[Records excerpted from a collection]
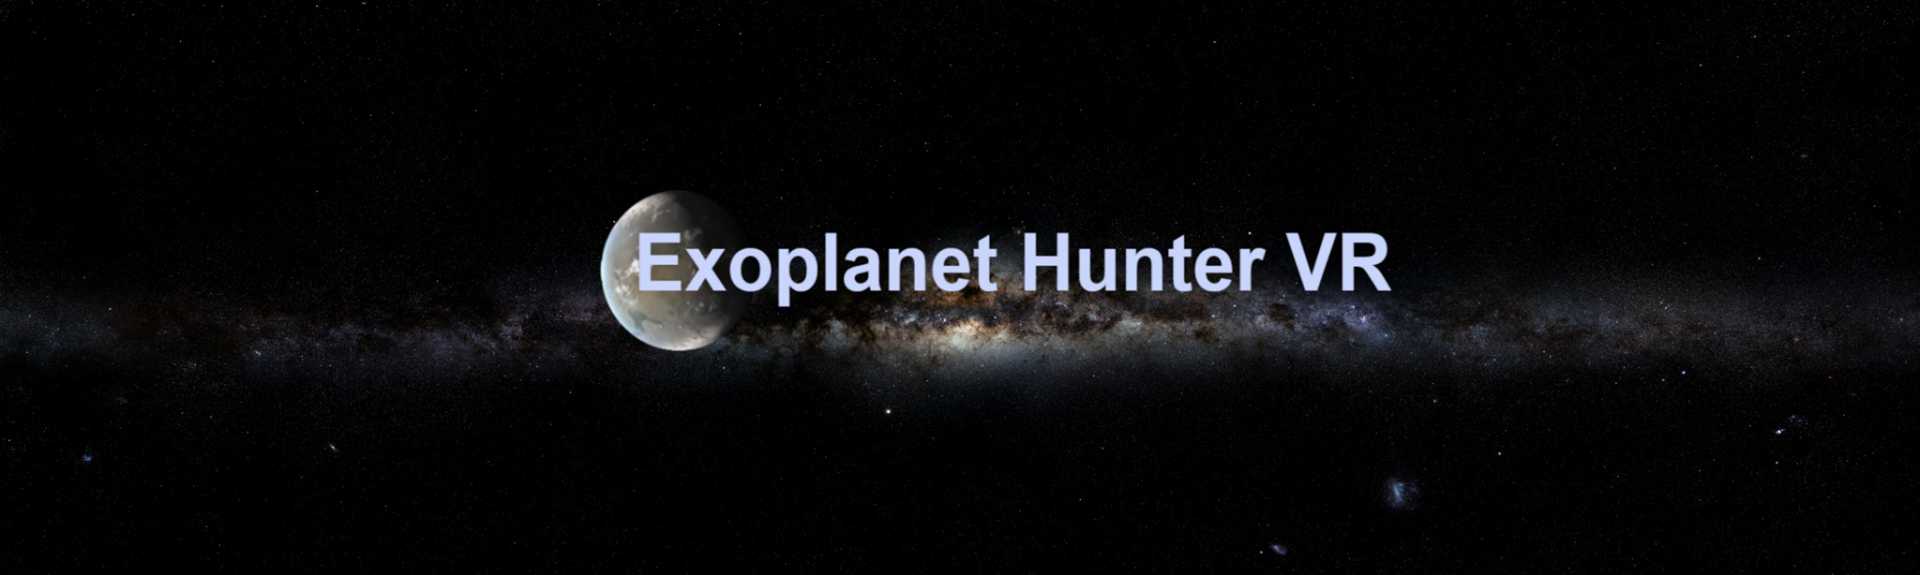 Exoplanethunter
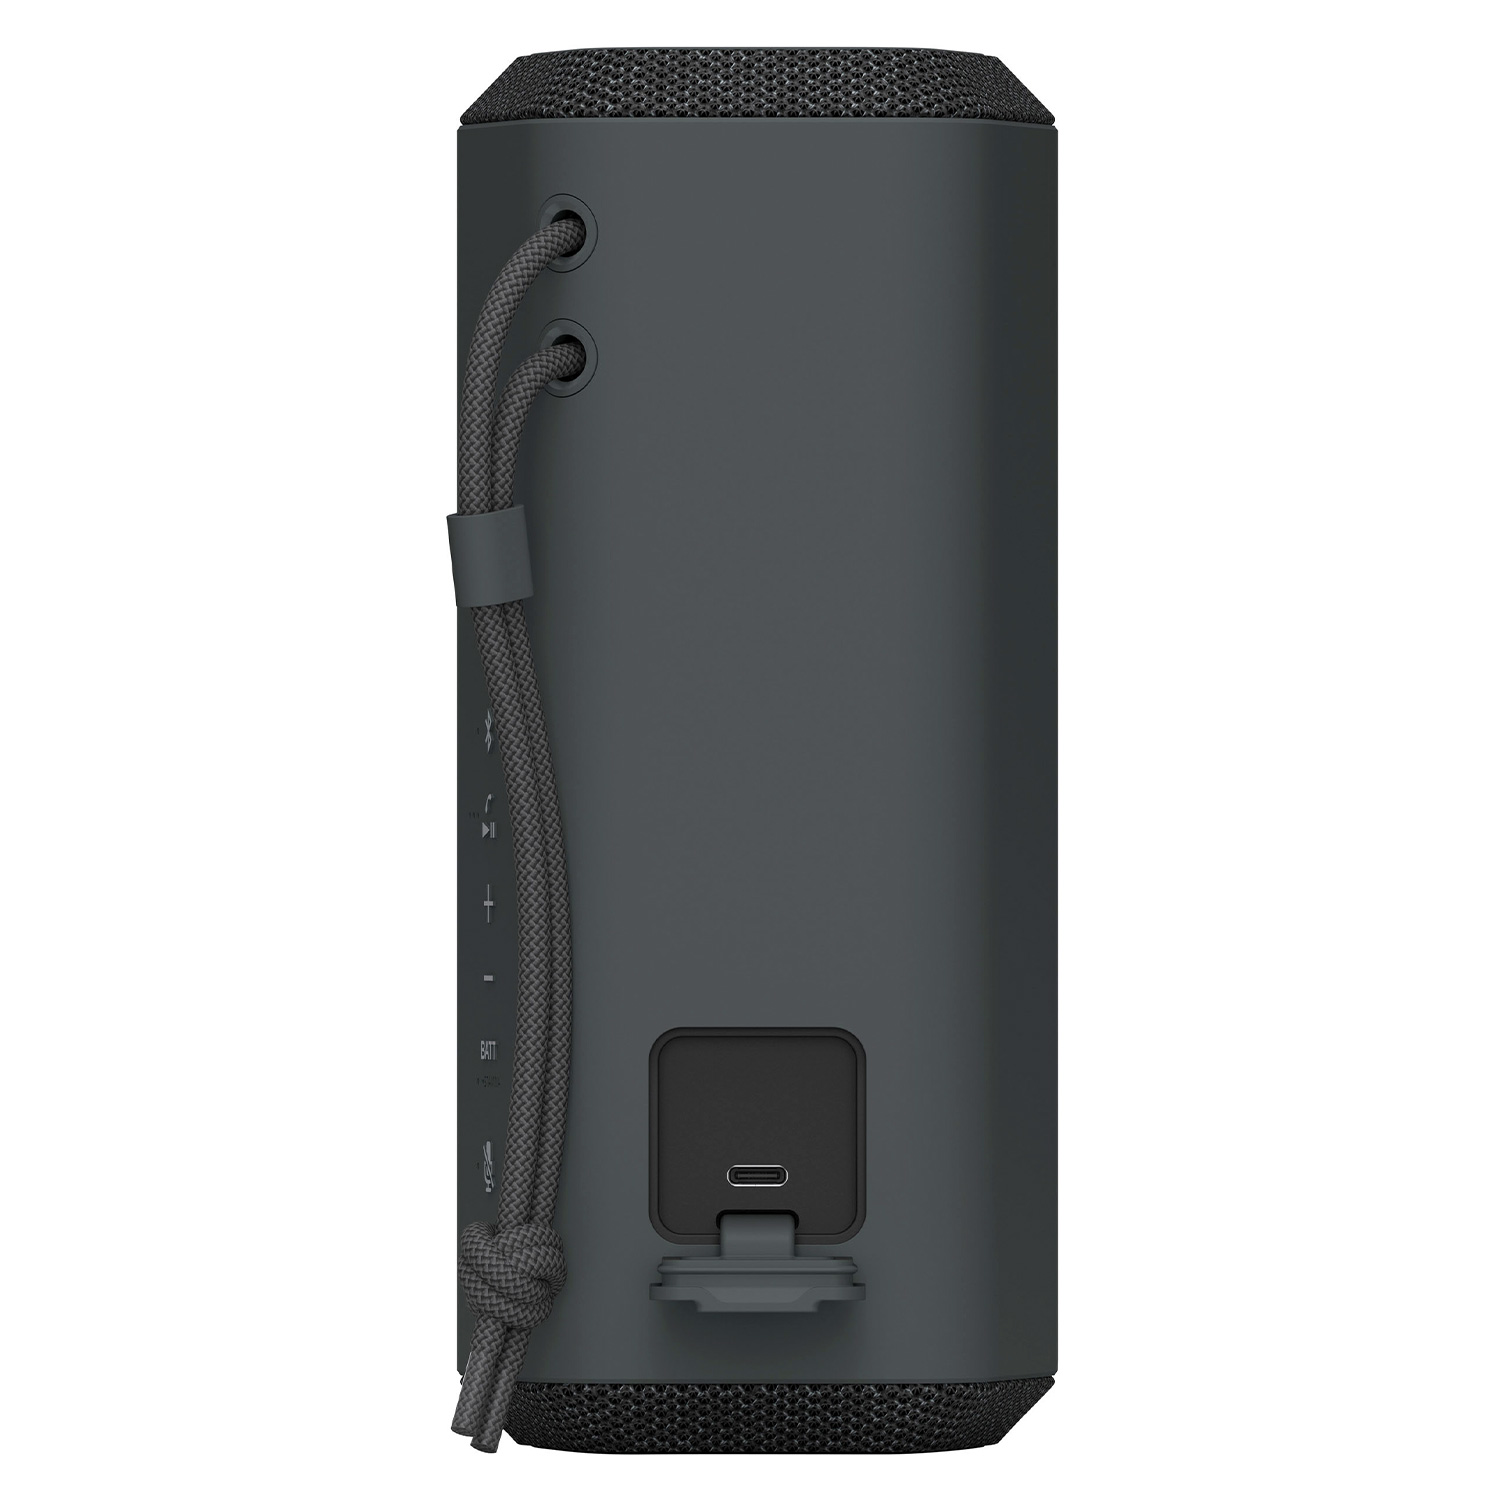 Caixa de Som Sony Portátil SRS-XE200 / Bluetooth - Preto
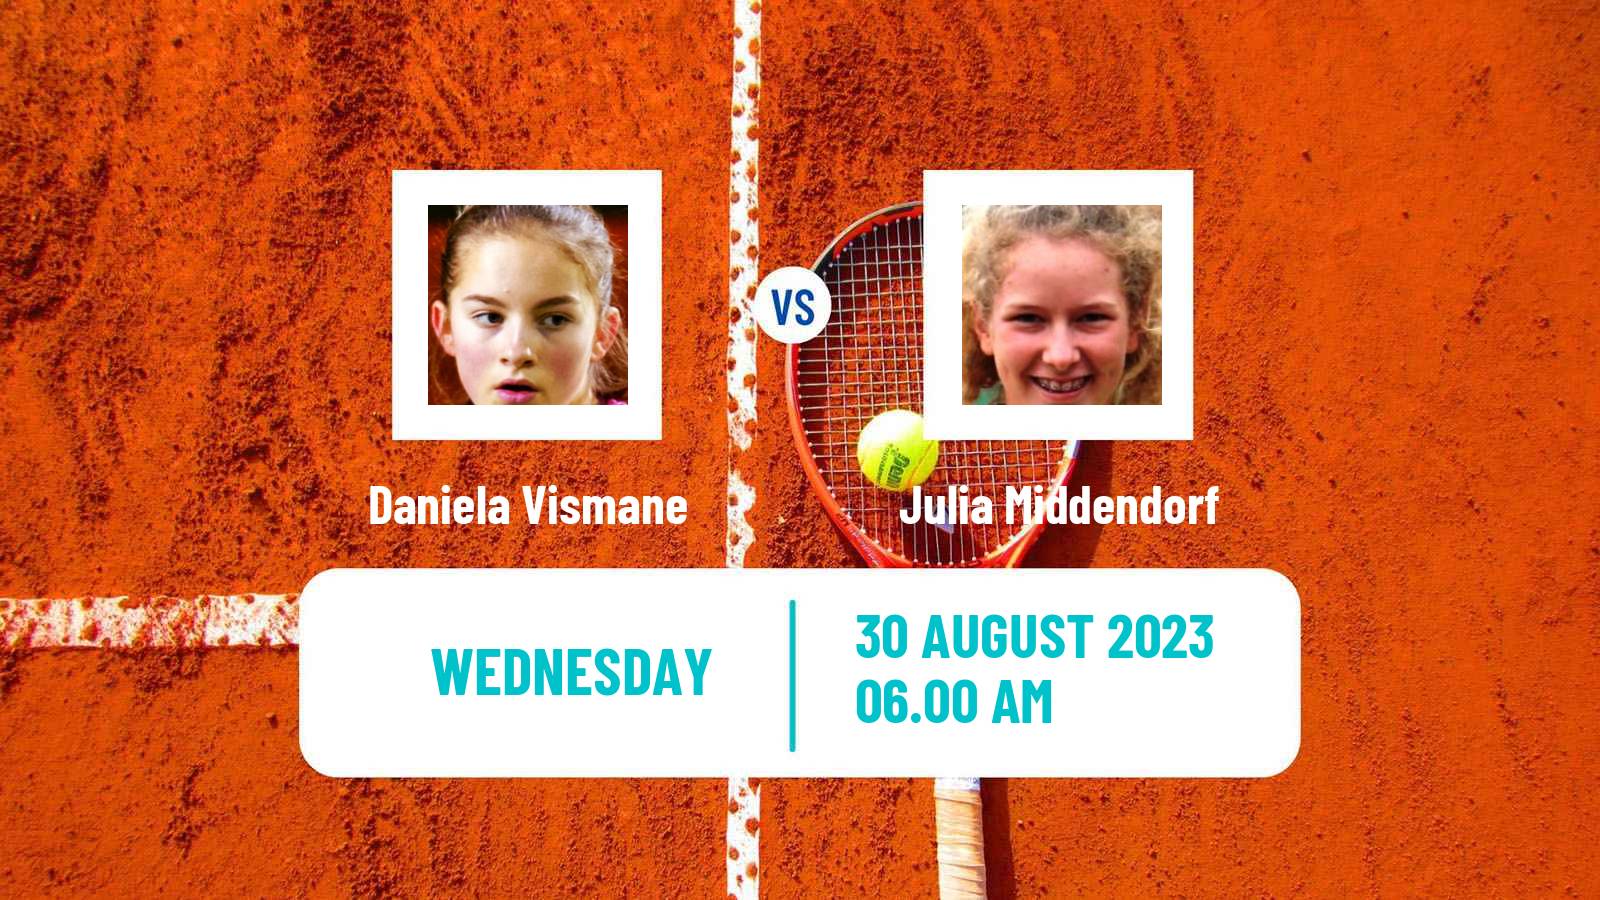 Tennis ITF W40 Oldenzaal Women Daniela Vismane - Julia Middendorf
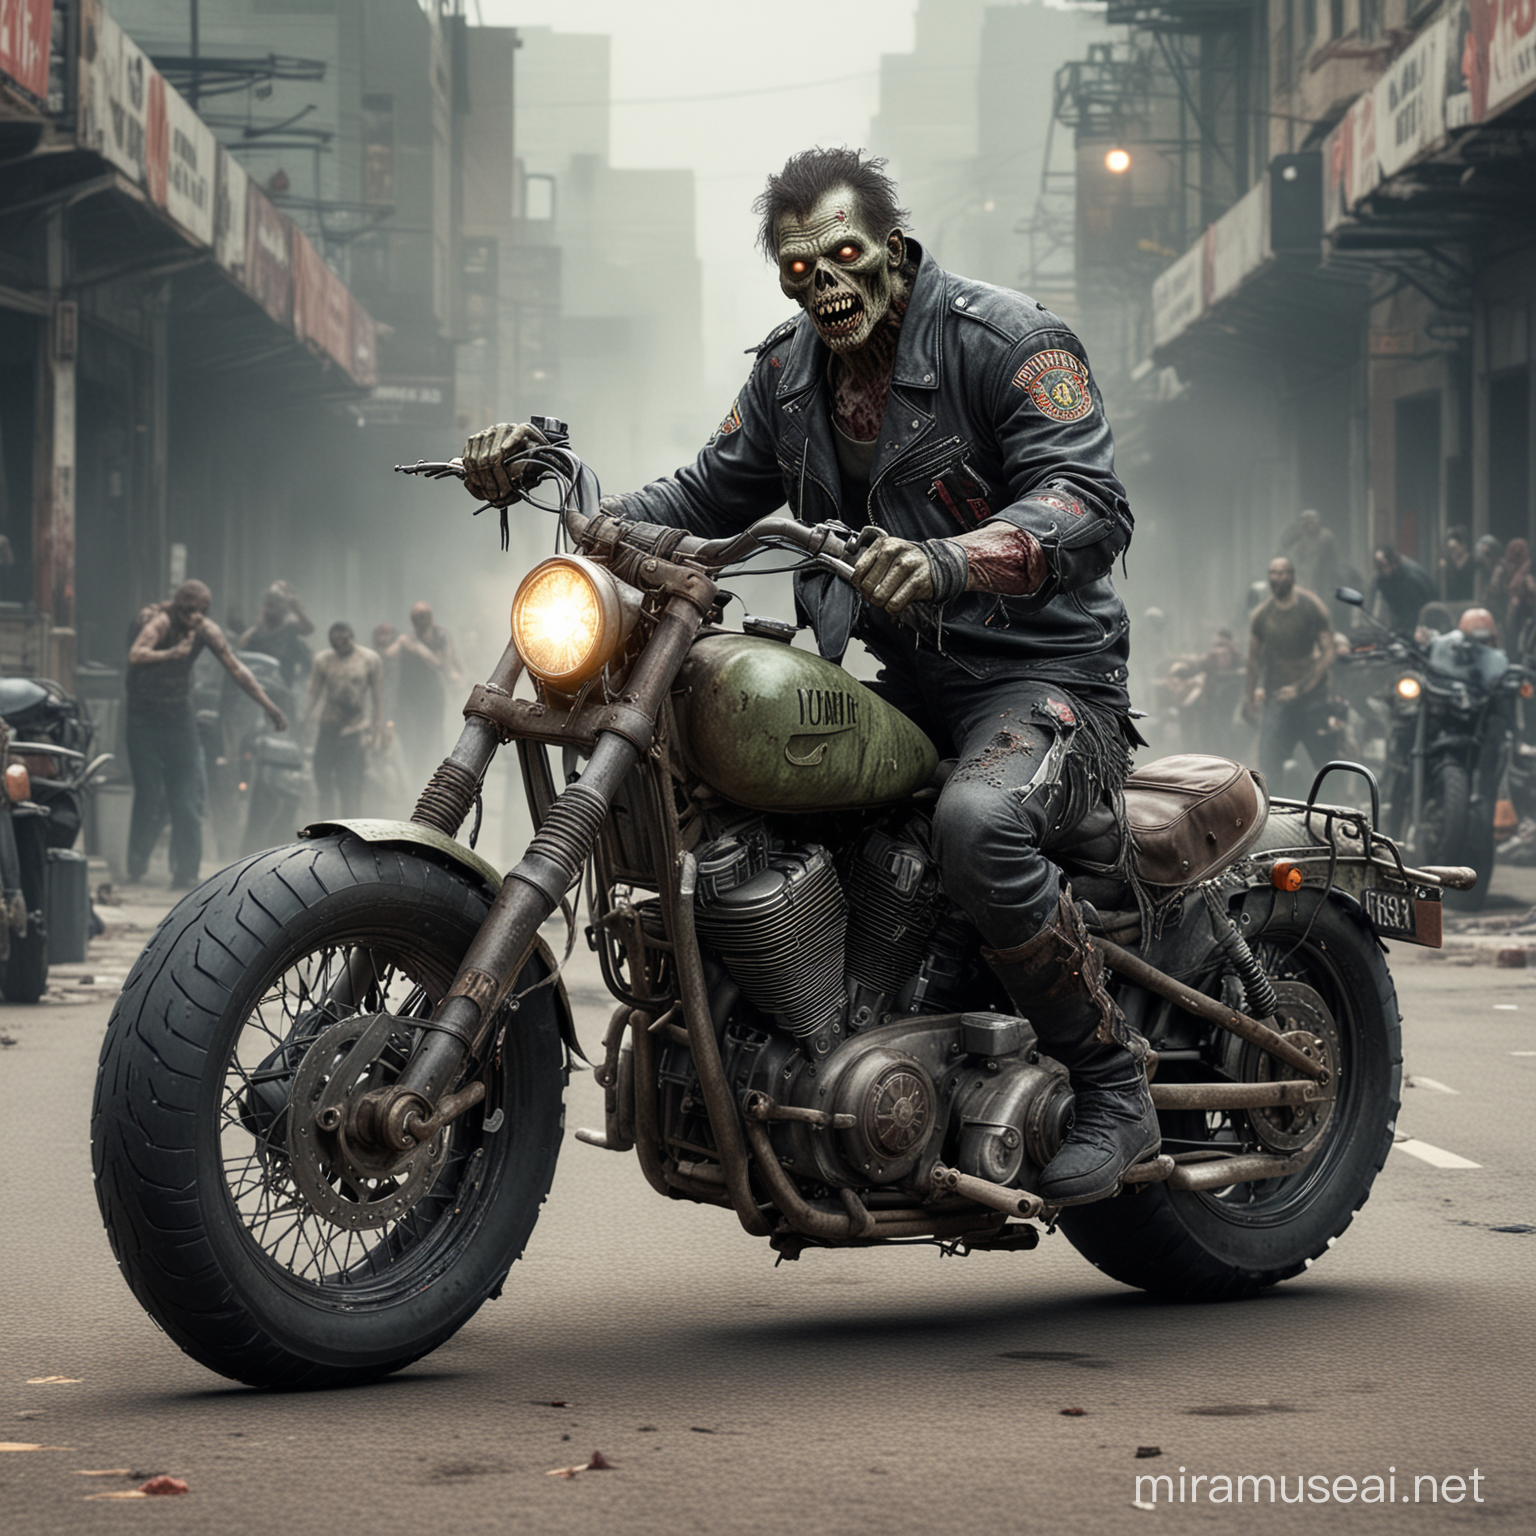 Motorcycle MC zombie
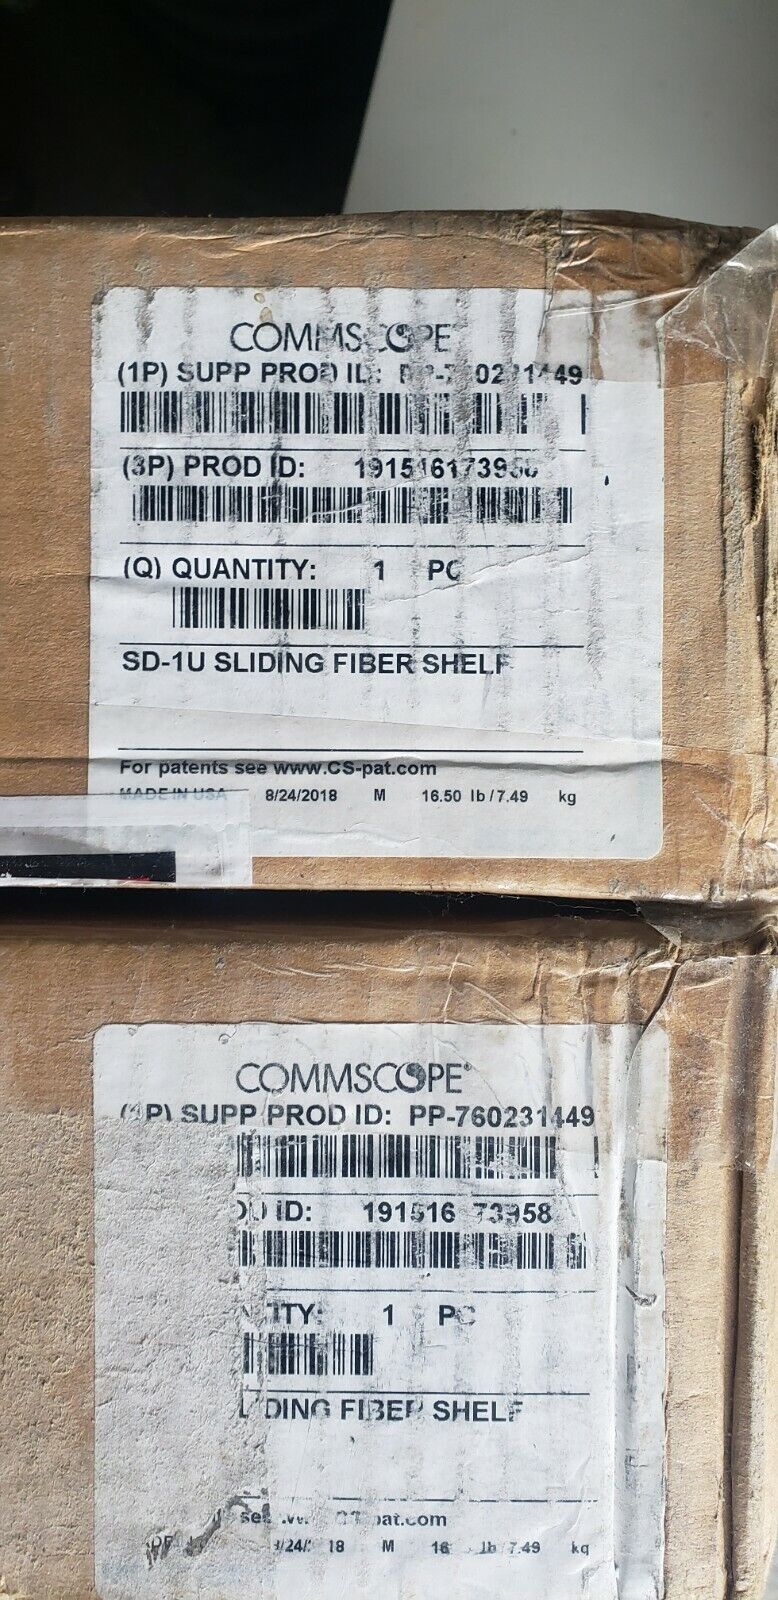 Brand new-Commscope Fiber Enclosure PP-760231449 SD- 1 U Sliding Fiber Shelf

TASK BRIEF: Print all entries exactly. The images do not belong in the copy.

EXPECTED OUTPUT:
 Exoplanethunter
 Caixa de Som Sony Portátil SRS-XE200 / Bluetooth - Preto
 Tennis ITF W40 Oldenzaal Women Daniela Vismane - Julia Middendorf
 Motorcycle MC zombie
 Brand new-Commscope Fiber Enclosure PP-760231449 SD- 1 U Sliding Fiber Shelf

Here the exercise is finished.